Dataset entries:
#####

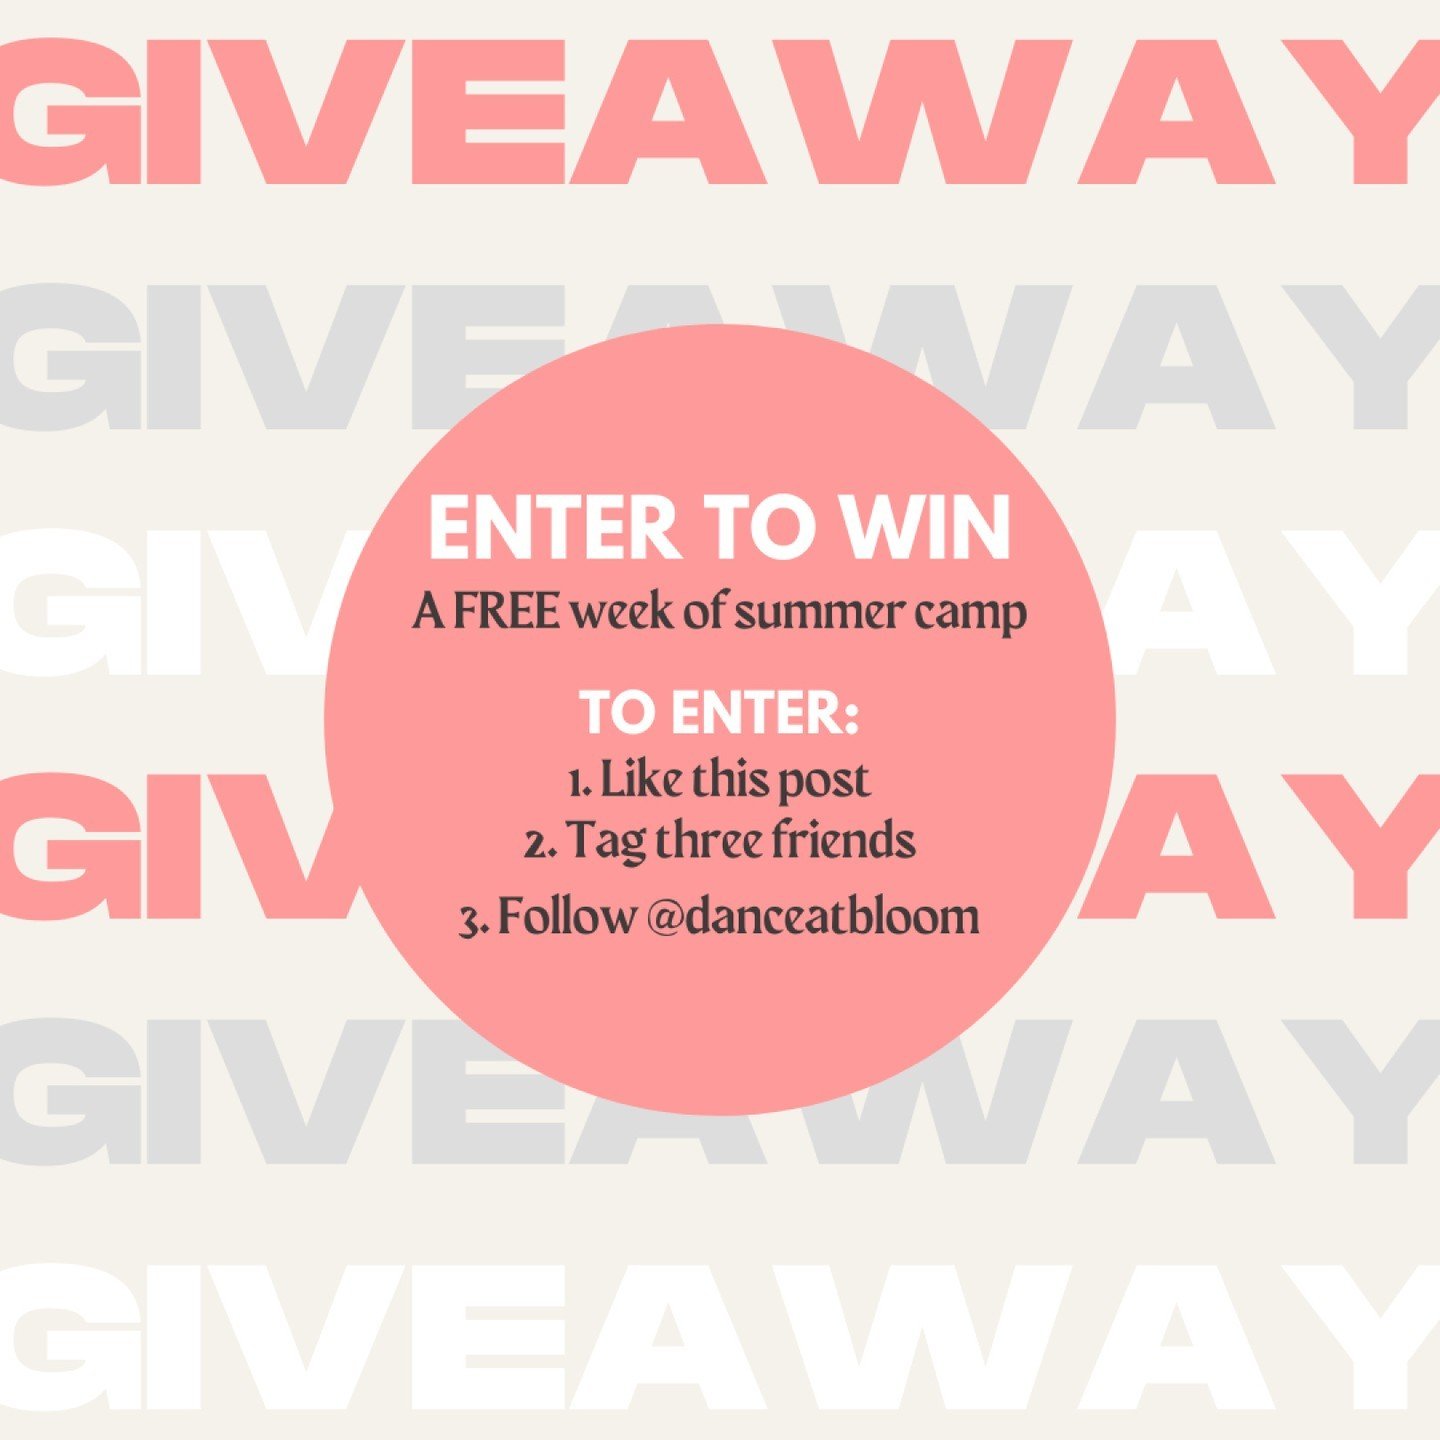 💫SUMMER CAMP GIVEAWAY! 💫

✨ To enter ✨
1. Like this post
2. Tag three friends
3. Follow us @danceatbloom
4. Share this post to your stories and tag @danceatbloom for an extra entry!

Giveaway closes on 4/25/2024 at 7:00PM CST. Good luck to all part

#####

#### THE PROBLEM
All entries, top to bottom, should be retyped exactly; the pictures should not be.

#### EXPECTED OUTPUT
 💫SUMMER CAMP GIVEAWAY! 💫

✨ To enter ✨
1. Like this post
2. Tag three friends
3. Follow us @danceatbloom
4. Share this post to your stories and tag @danceatbloom for an extra entry!

Giveaway closes on 4/25/2024 at 7:00PM CST. Good luck to all part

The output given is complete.